Calculating the Gain:
  1. Total Ownership Period: 14 years (168 months).
  2. Period of Main Residence: 10 years (120 months).
  3. Final Period Exemption: 18 months.
  4. Chargeable Gain Calculation:
    • Gain: £300,000 (sale price) – £200,000 (purchase price) = £100,000.
    • PRR: 120 months (occupation) + 18 months (final period) = 138 months out of 168 months.
    • PRR Calculation: £100,000 x (138/168) = £82,142 exempt from CGT.
    • Chargeable Gain: £100,000 – £82,142 = £17,858.
CGT Liability:
  • Annual Exempt Amount: Assume John hasn’t used his annual exempt amount.
  • Taxable Gain: £17,858 – £12,300 = £5,558.
  • CGT Rate: If John is a higher-rate taxpayer, the rate is 28%.
  • CGT Payable: £5,558 x 28% = £1,556.24.

This example illustrates how the final period exemption (18 months) helps reduce the CGT liability significantly.

Extended 36-Month Rule for Special Cases

For individuals qualifying under the special provisions (disabled or in care), the calculation extends the final period exemption to 36 months:

Example with Extended Exemption:
  • Final Period Exemption: 36 months.
  • PRR Calculation:
    • PRR: 120 months (occupation) + 36 months (final period) = 156 months out of 168 months.
    • PRR Calculation: £100,000 x (156/168) = £92,857 exempt from CGT.
    • Chargeable Gain: £100,000 – £92,857 = £7,143.
CGT Liability:
  • Taxable Gain: £7,143 – £12,300 = £0 (no CGT payable as gain is below the annual exempt amount).

In this scenario, the extended final period exemption completely eliminates John’s CGT liability.

Strategic Considerations

Homeowners and property investors need to consider the 36-month rule and other relevant CGT reliefs when planning property sales.
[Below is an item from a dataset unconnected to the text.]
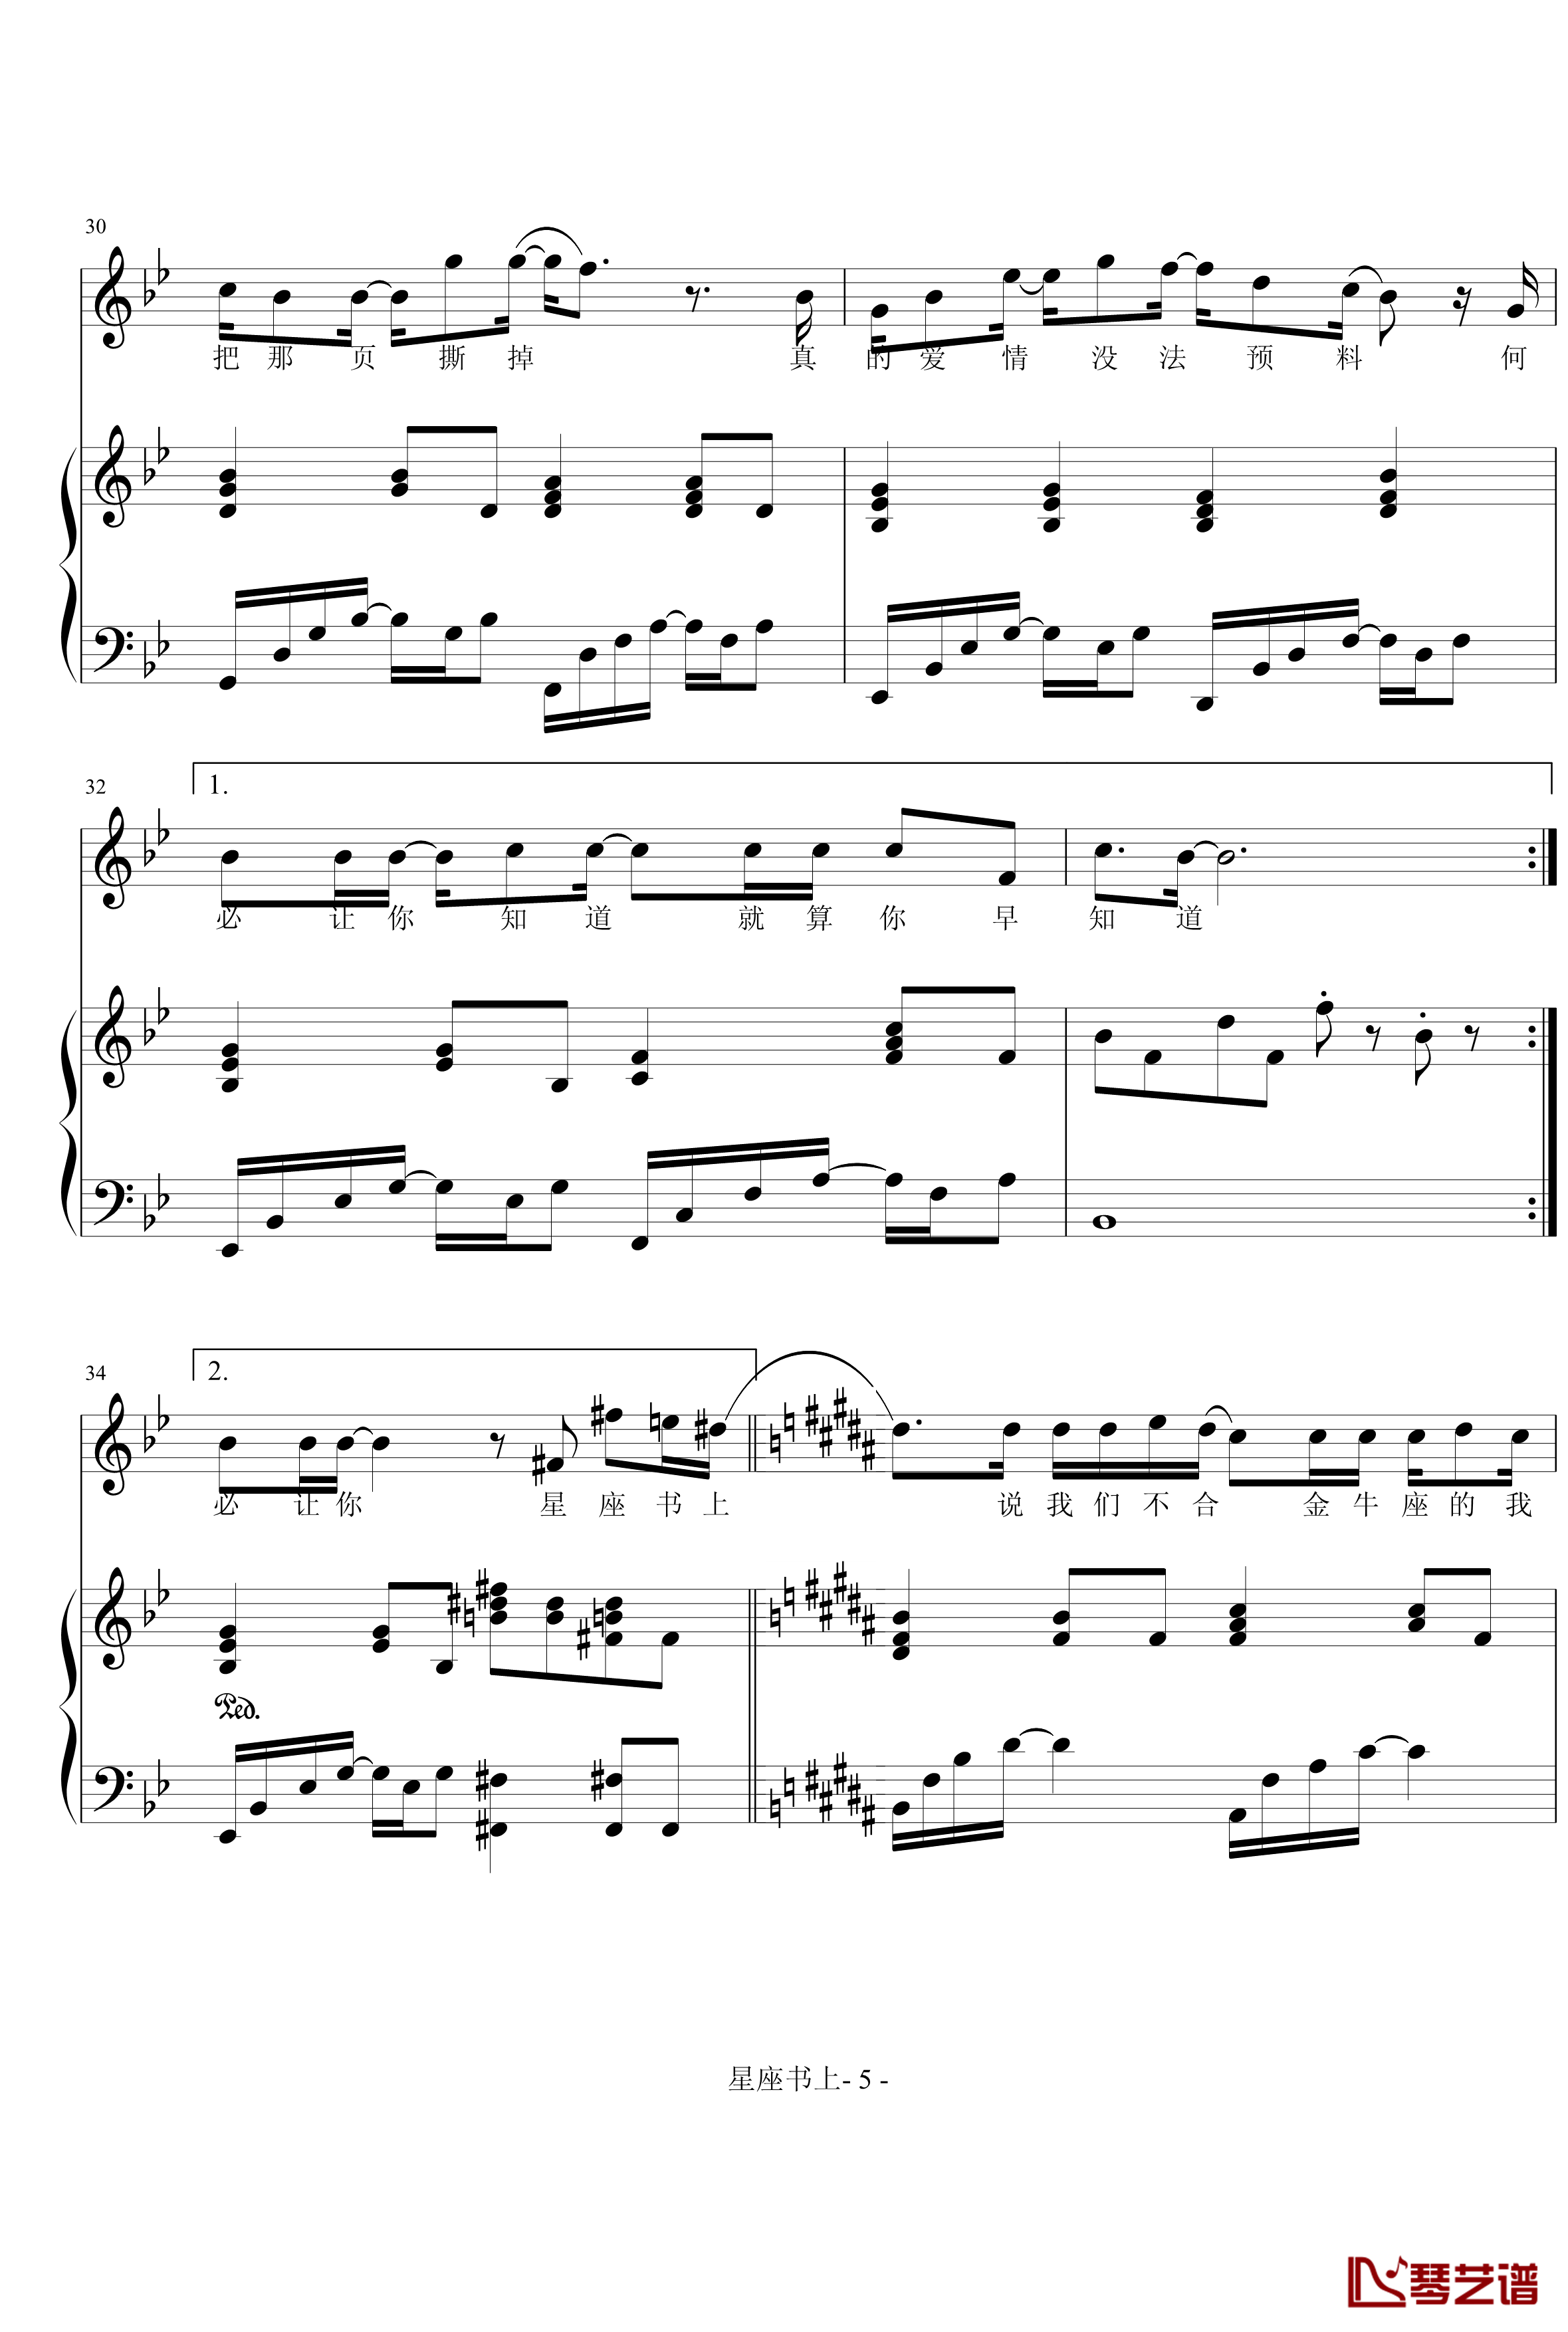 愤怒的小鸟交响曲第三乐章Op.5 no.3钢琴谱-1057257850

Strategic considerations include:

Timing of Sale

  • Maximizing PRR: Aim to sell the property within the final period exemption to maximize PRR.
  • Market Conditions: Consider the real estate market conditions to optimize sale proceeds.

Main Residence Election

  • Multiple Properties: If you own multiple properties, you can elect which property should be treated as your main residence for CGT purposes. This election can be changed, typically once every two years, allowing strategic use of PRR.

Interaction with Letting Relief

  • Qualifying Periods: Letting relief can apply if the property was let out after being the main residence, potentially reducing CGT further. However, recent changes have limited its application to only periods where the owner was in shared occupancy with the tenant.
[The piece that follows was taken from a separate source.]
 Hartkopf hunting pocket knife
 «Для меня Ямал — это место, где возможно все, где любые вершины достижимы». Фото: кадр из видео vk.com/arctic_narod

Recent Changes and Future Outlook

Recent Changes

  • Reduction to 18 Months: The reduction of the final period exemption from 36 to 18 months reflects efforts to tighten tax reliefs and align them with actual property sale times.
  • Letting Relief Changes: Restrictions on letting relief mean it now only applies when the owner lives in the property with the tenant, significantly narrowing its application.

Future Outlook

  • Policy Adjustments: Future changes to CGT rules and reliefs are possible, driven by economic conditions and policy priorities. Keeping abreast of tax legislation changes is crucial for effective planning.
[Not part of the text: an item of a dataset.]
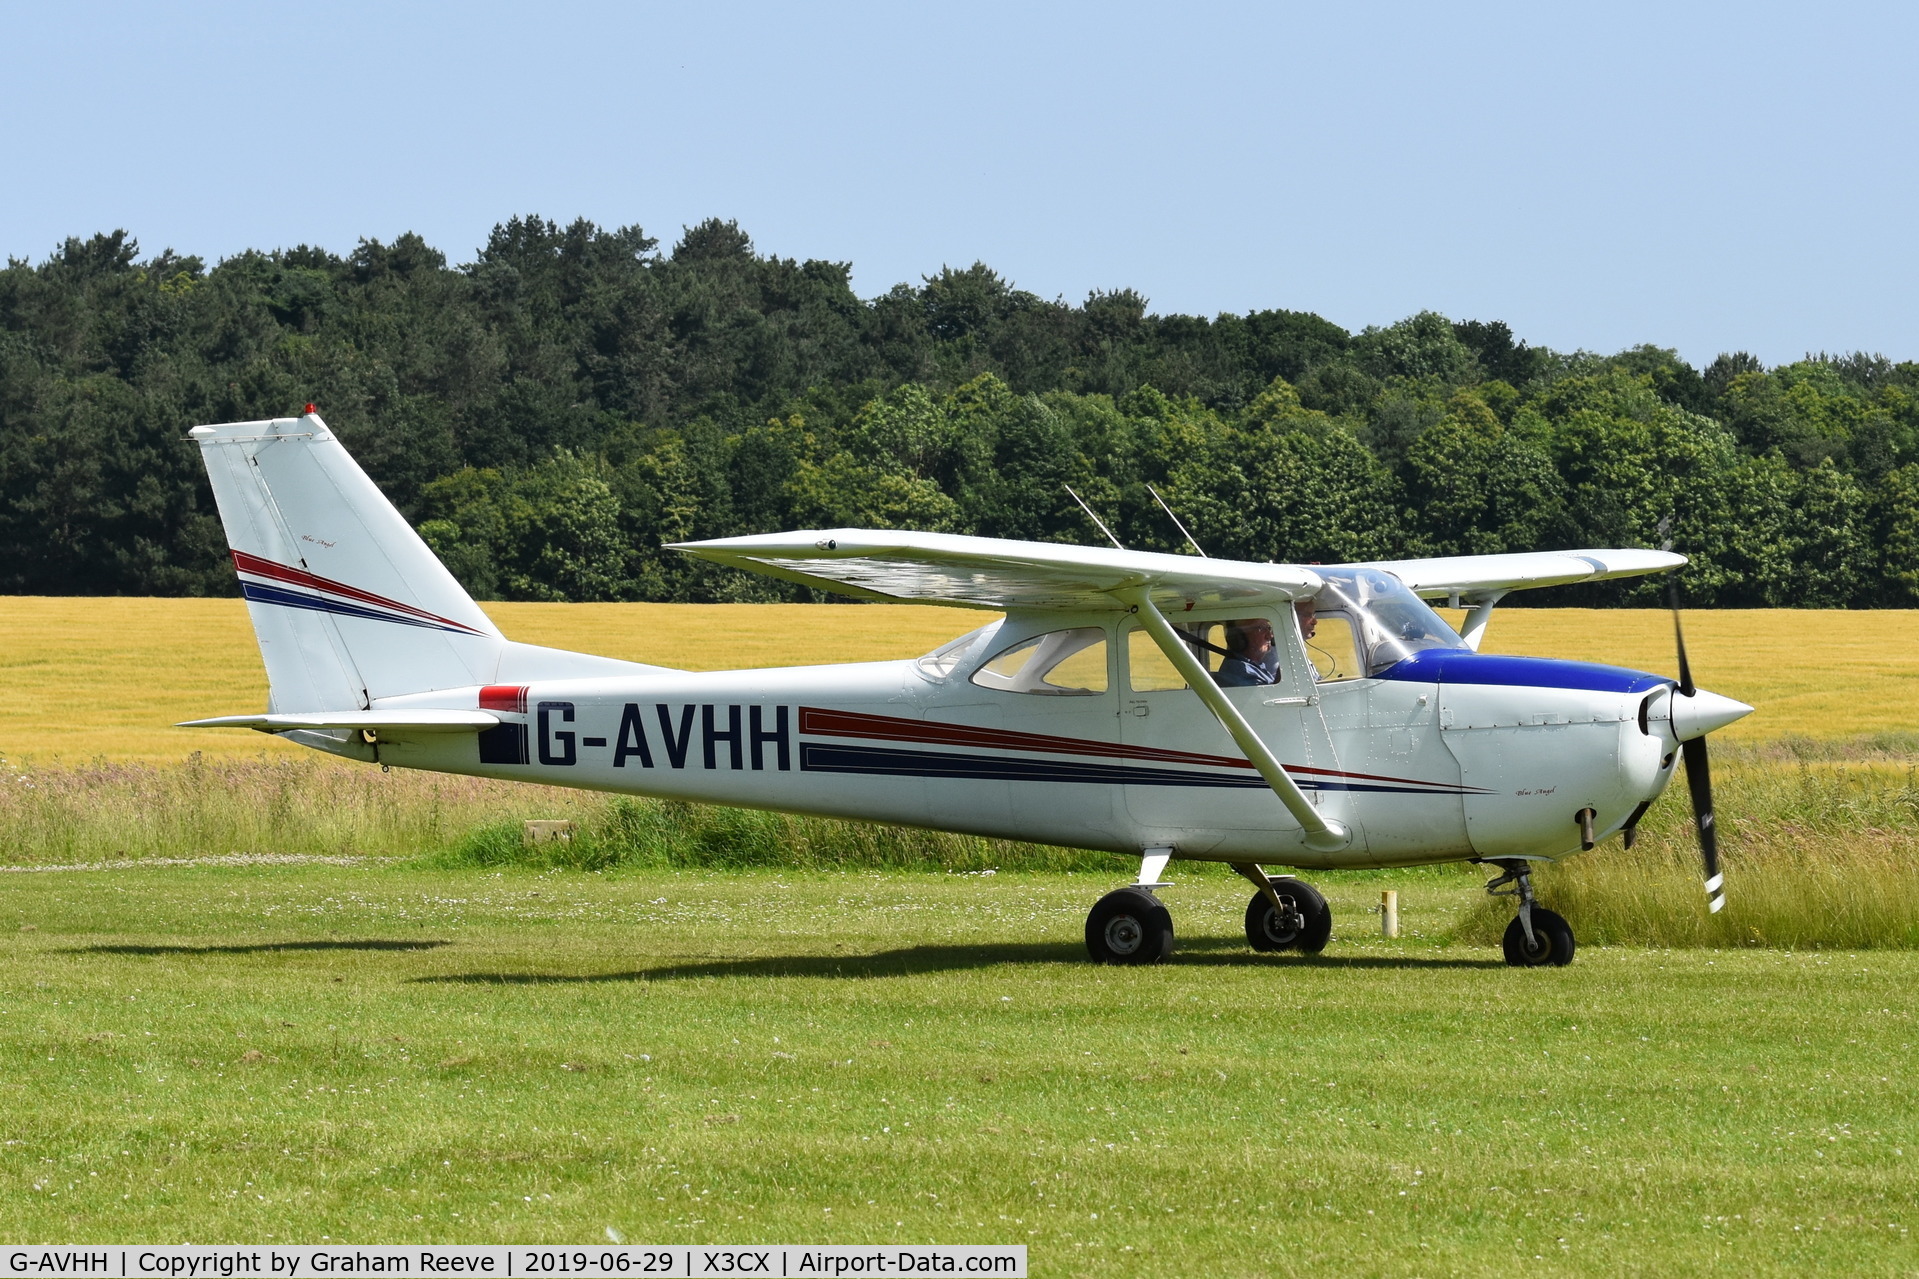 G-AVHH, 1967 Reims F172H Skyhawk C/N 0337, Just landed at Northrepps.

Understanding the 36-month rule and its implications within the broader context of CGT in the UK is essential for homeowners and property investors. By strategically leveraging this rule, along with other reliefs such as PRR and letting relief, individuals can minimize their CGT liability. The careful timing of property sales, main residence elections, and staying informed about tax law changes are key to optimizing tax outcomes. While the reduction to 18 months has tightened the relief, the extended 36-month period for special cases continues to provide valuable tax planning opportunities.